A new year is upon us -- years past I used to begin the new year with the thought of what it may bring us. I would wonder about all my loved ones. What direction would their lives take them, newly married, babies waiting to be born and who would pass away. Last year did I know my sister would pass away? No, I had hoped and prayed so much for a miracle that never came.
Last year was a very sad year. It was long, but short.
I will remember the happy times, too. My youngest son graduated from high school and is going to college. He is in a relationship with a very nice young woman who we adore. My oldest son is producing 3-4 programs for tv. And our daughter has now been accepted to USC to complete her Master's Degree much to her husband's and our delight. And my husband -- Honey, you've always been here for me. . . and I thank you.
2010 -- I will not wonder anymore. I will wait with patience to see how our new year develops. I will be here for my children, my husband, and my family to love them, cherish them, help them, listen to them and pray for them. This is all I can do.
Did I lose my faith this last year? Yes, I think I did, but only for a little while for where would we be without it? Losing a family member, especially a sister is the saddest thing that can happen to anyone. She was my dearest sister and best friend. She used to make me laugh. I miss her hugs, her laughter, I miss her.

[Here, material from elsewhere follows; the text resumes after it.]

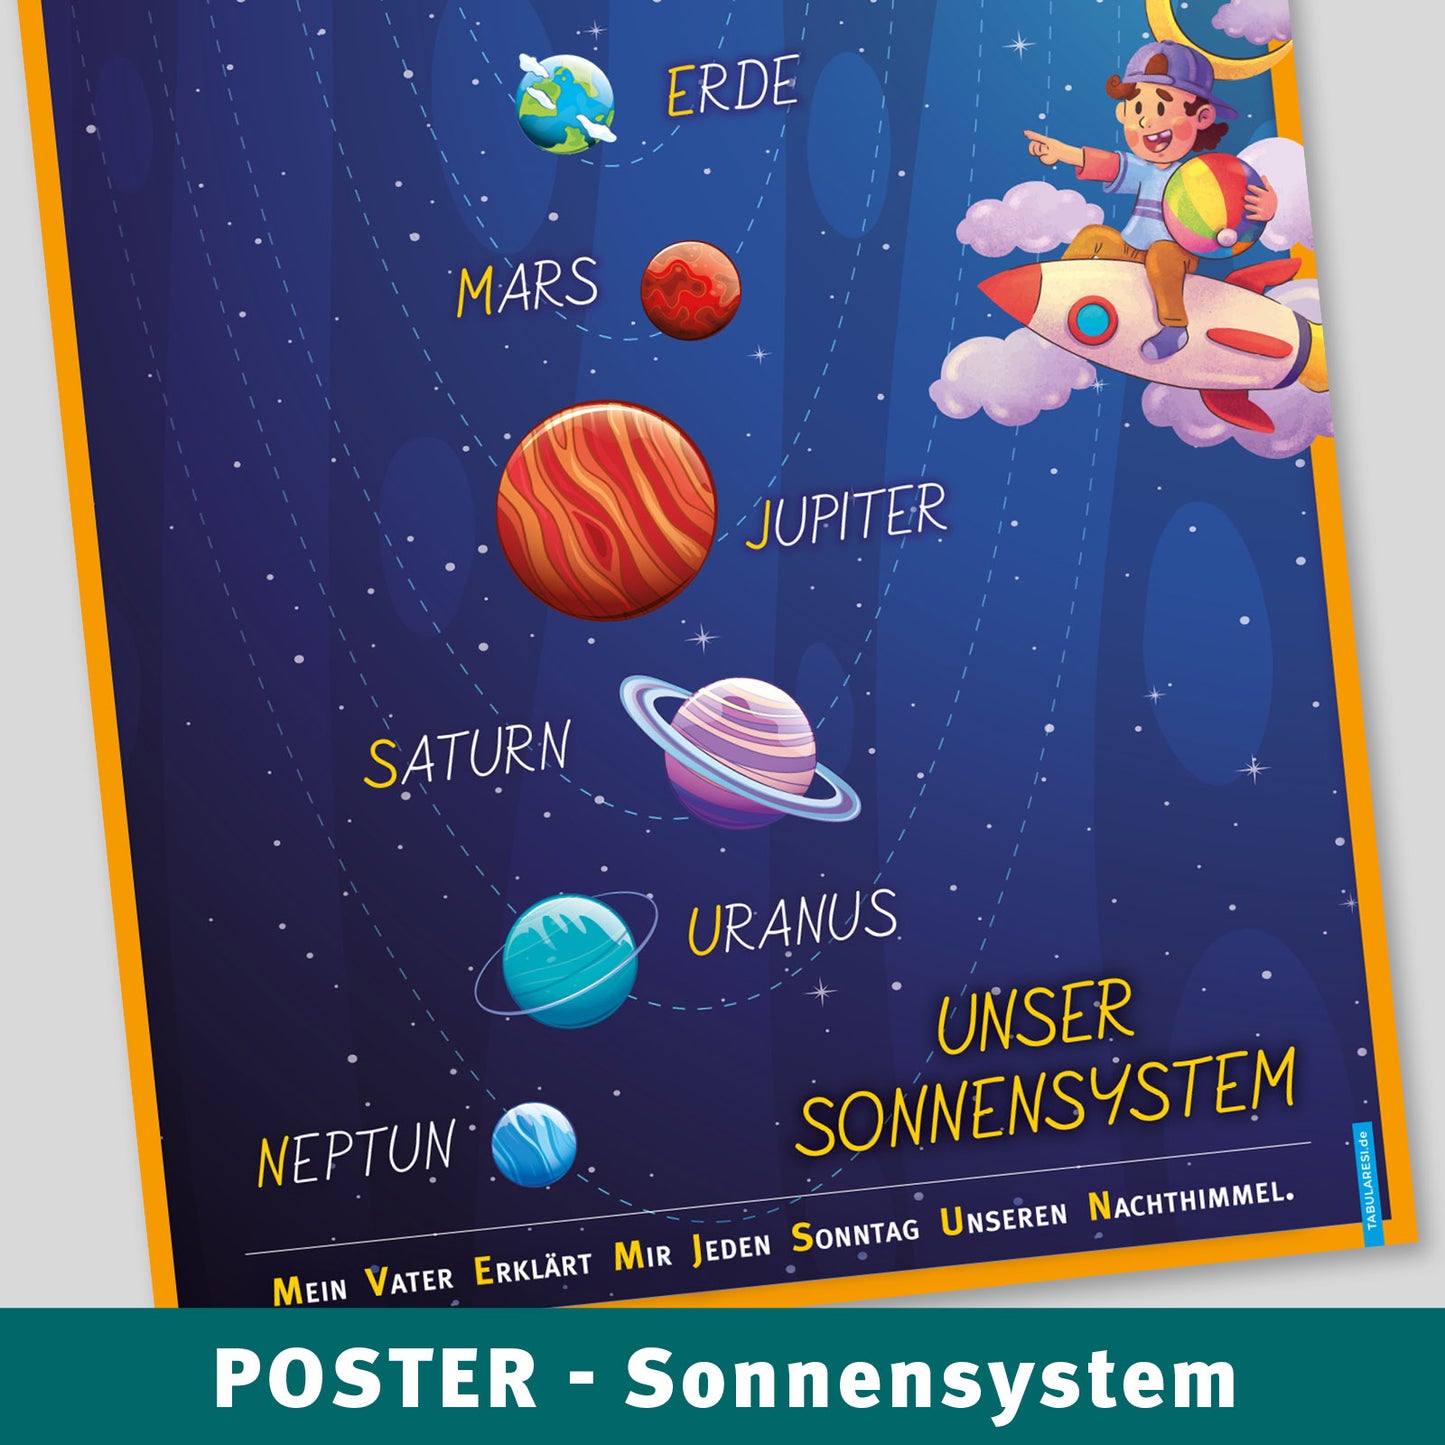 A2 Poster - Sonnensystem Planeten

I chose the picture up above to symbolize the love I have for my husband and he for me. I have cried with him so many times and he has always been here to comfort and remind me that God loves us so. I held on to my sister's hand so much during this last year and now I will hold on to my husband's hand for the rest of my life ... and continue to adore him with all my heart.We begin a new year with new prayers for each new morning. But one prayer is constant -- that our Good Lord continue to bless us and care for us each and every day.
I love you sister.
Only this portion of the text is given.